4.1.8 Echange Rates ✅ Flashcards
What are the different rate systems?
- Floating.
- Fixed.
- Managed.
Explain the floating exchange system?
- Exchange rate is determined by supply and demand in the foreign exchange market.
- Gov/bank does intervene/fluctuates freely.
Explain the fixed exchange rate?
- Gov/bank sets specific rate it is committed to maintaining.
- Will buy or sell currency to maintain it.
Explain a managed exchange rate?
- Hybrid approach when authorities occasionally intervene.
- Flexibility + degree of stability.
What are exchange rates?
Purchasing power of a currency in terms of what it can buy of other.
What is the distinction between a Revaluation and appreciation of a currency?
Revaluation = increase in official exchange rate set by gov/bank.
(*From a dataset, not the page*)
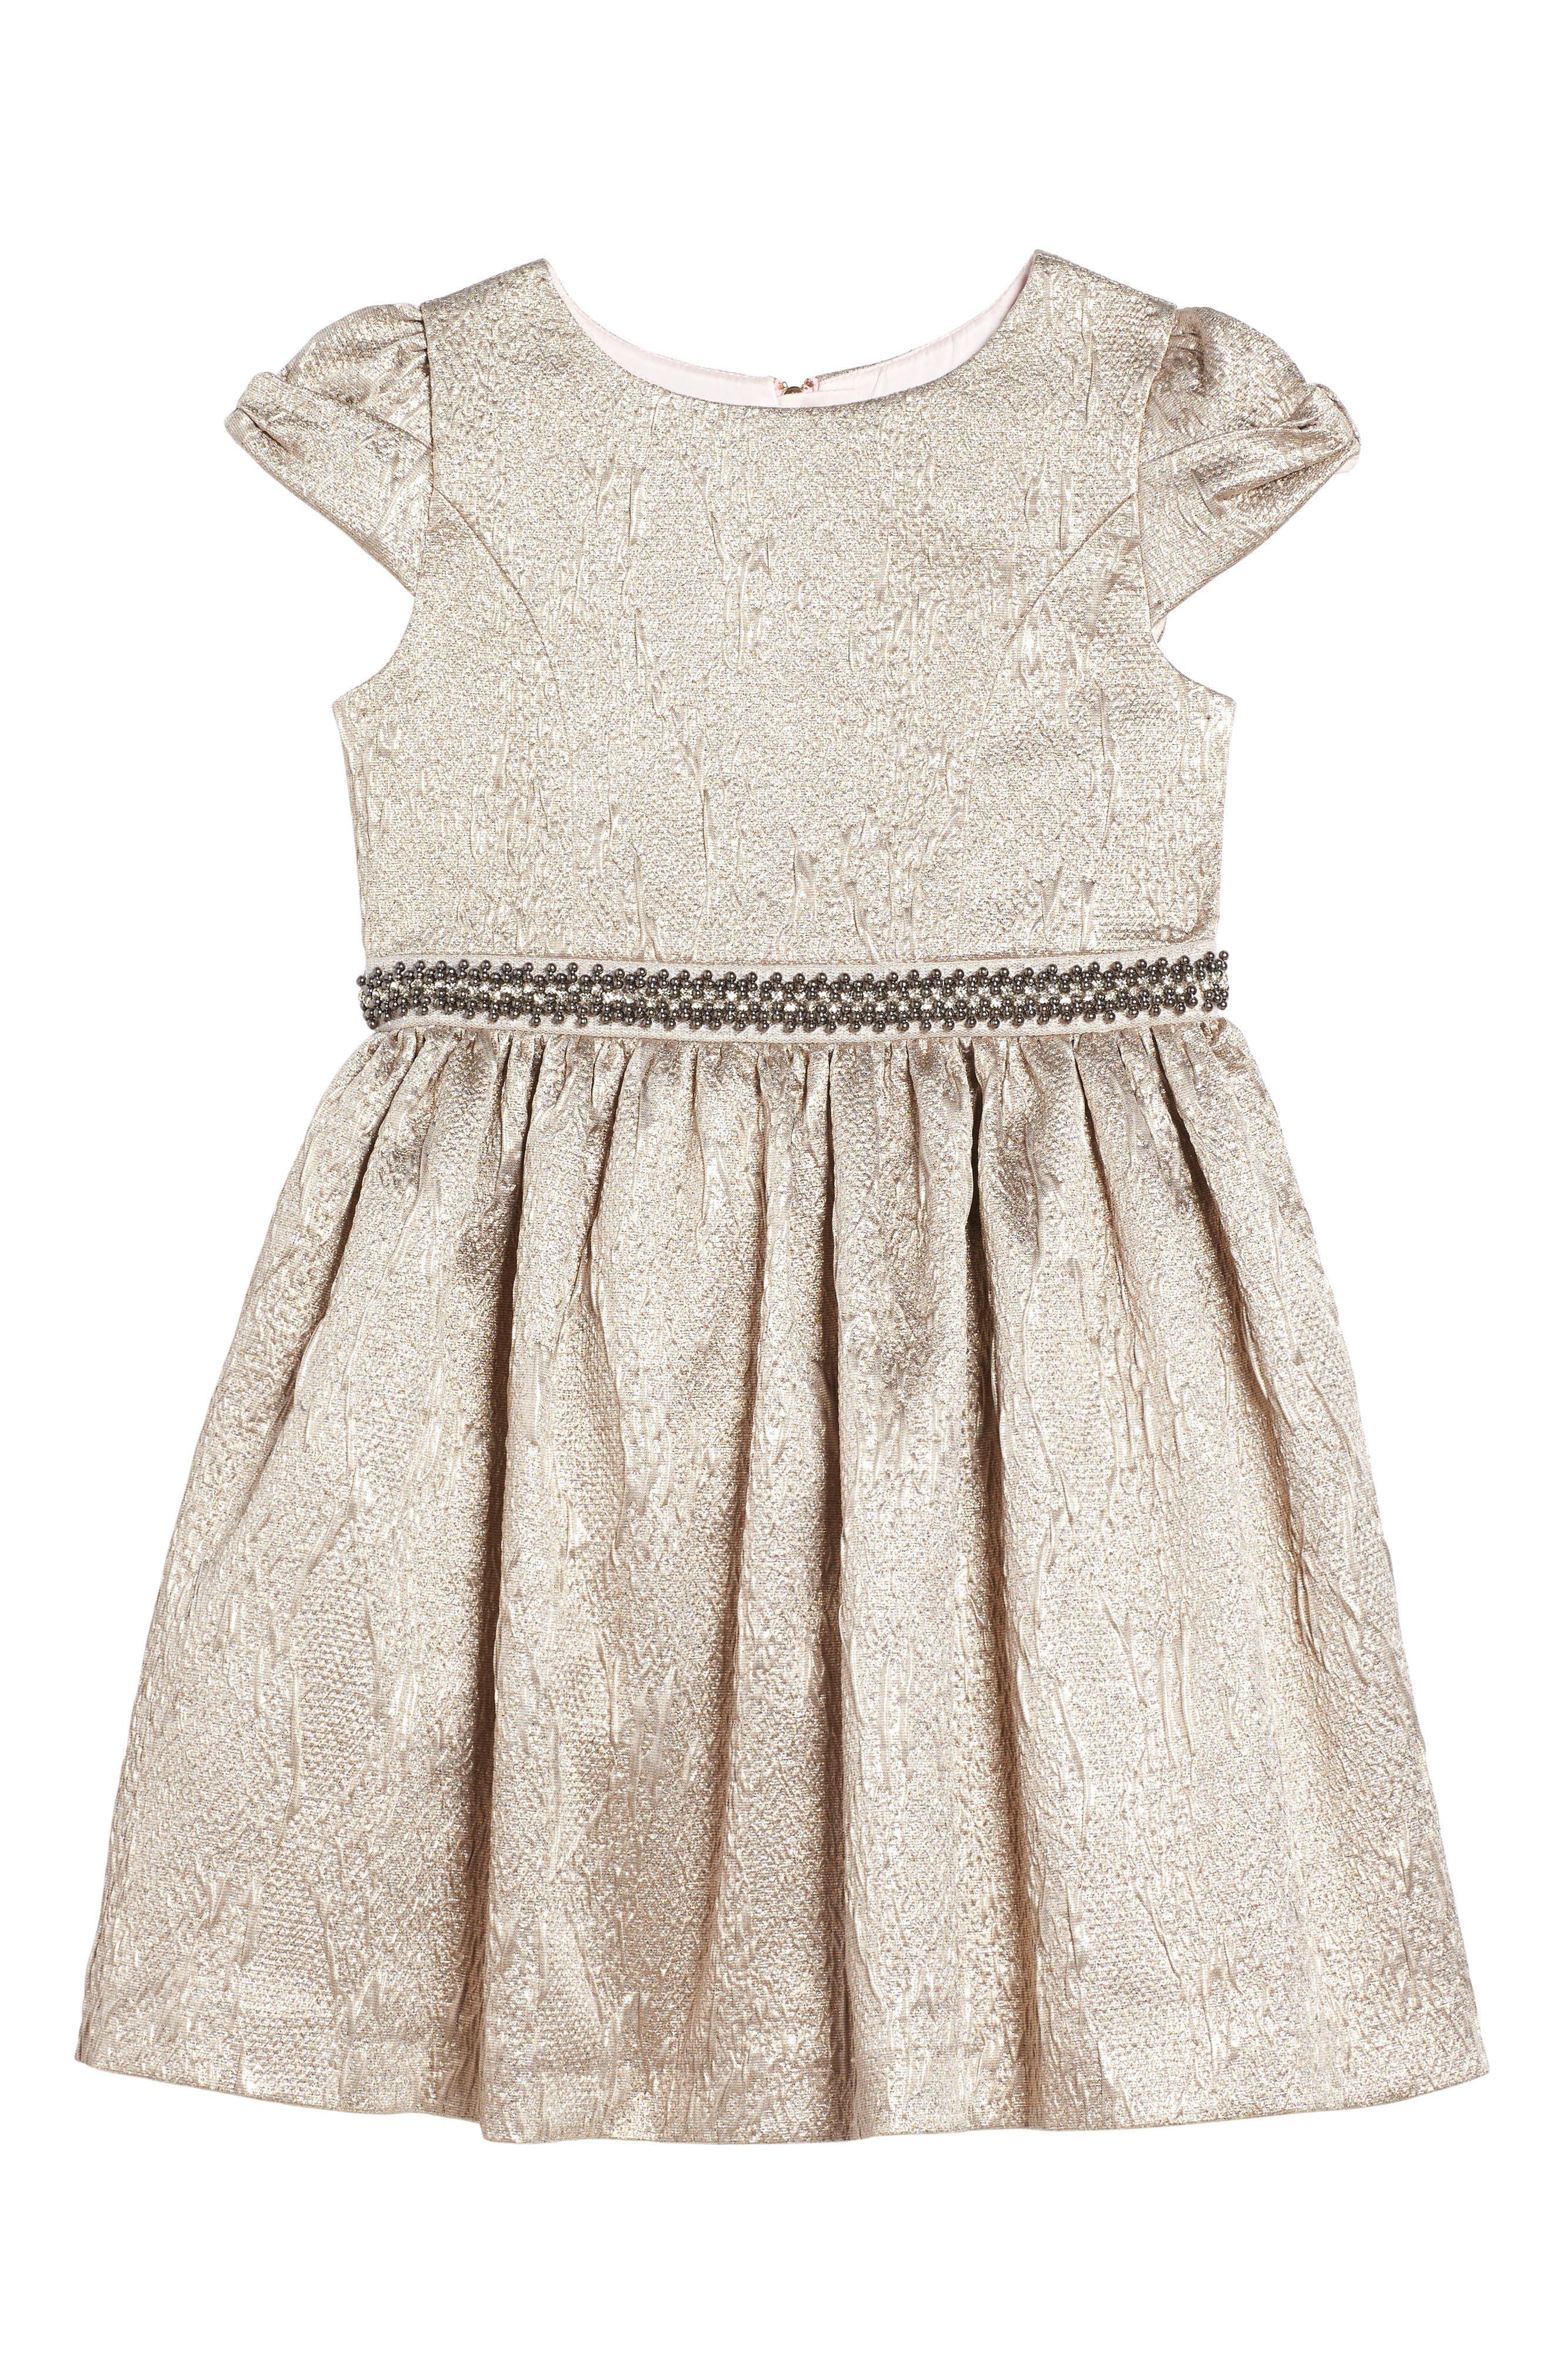 Oh My Jacquard Party Dress (Little Girls & Big Girls)

It is deliberate policy to strengthen the value.
Appreciation = natural increase in currency value due to market forces eg increase in D for currency.
What is the distinction between devaluation and depreciation?
Devaluation = deliberate policy by gov/bank to reduce official exchange rate to make exports cheaper/imports more.
Depreciation = currency’s value decreases in foreign exchange market.
What are the factors that effect a floating exchange rate?
- Intrest rates = higher attract forign capital/ increase demand for currency.
- Econ data = GDP/inflation affect currency demand.
- Speculation = traders move money.
- political stability = effect investor confidence.
What are ways gov can influence the exchange rate?
- Intrest rates.
- Use forign currency reserves
How can the gov use forign currency reserves to manipulate the exchange rate? Show graphs? What it an evaluation of this method?
Appreciate it = increase demand by selling their forign currency for pounds.
Depreciate it increasing supply of currency through buying forign currency or gold.
Has no long-term impact.
What is the consequence of competitive devlautio/depreciation?
Countries deliberately intervene in forign exchange market to drive down value/increase competitiveness.
- Other countries may follow or implement protectionism/disrupt world trade.
Impact of exchange rate changes to the current acc of BOP?
- Marshall Lerner = depreciation only improve trade balence if sum of PED is elastic.
- Jcurve effect = ST depreciation may initially worsen the trade balence before improving it.
Impact of changes in the exchange rate on econ growht/employment?
- Weaker currency can boost exports stimulating econ growht/reducing unemployment.
What is the impact of change in exchange rate on inflation?
- Depreciating currency can lead to higher import prices adding to inflation (SRAS shift back to higher costs).
- net exports in ad will rise.
What is the impact of a change in the exchange rate on FDI flows?
- effects attractiveness as weaker country make buying assets more appealing to forign investors eg lower costs in buying buildings.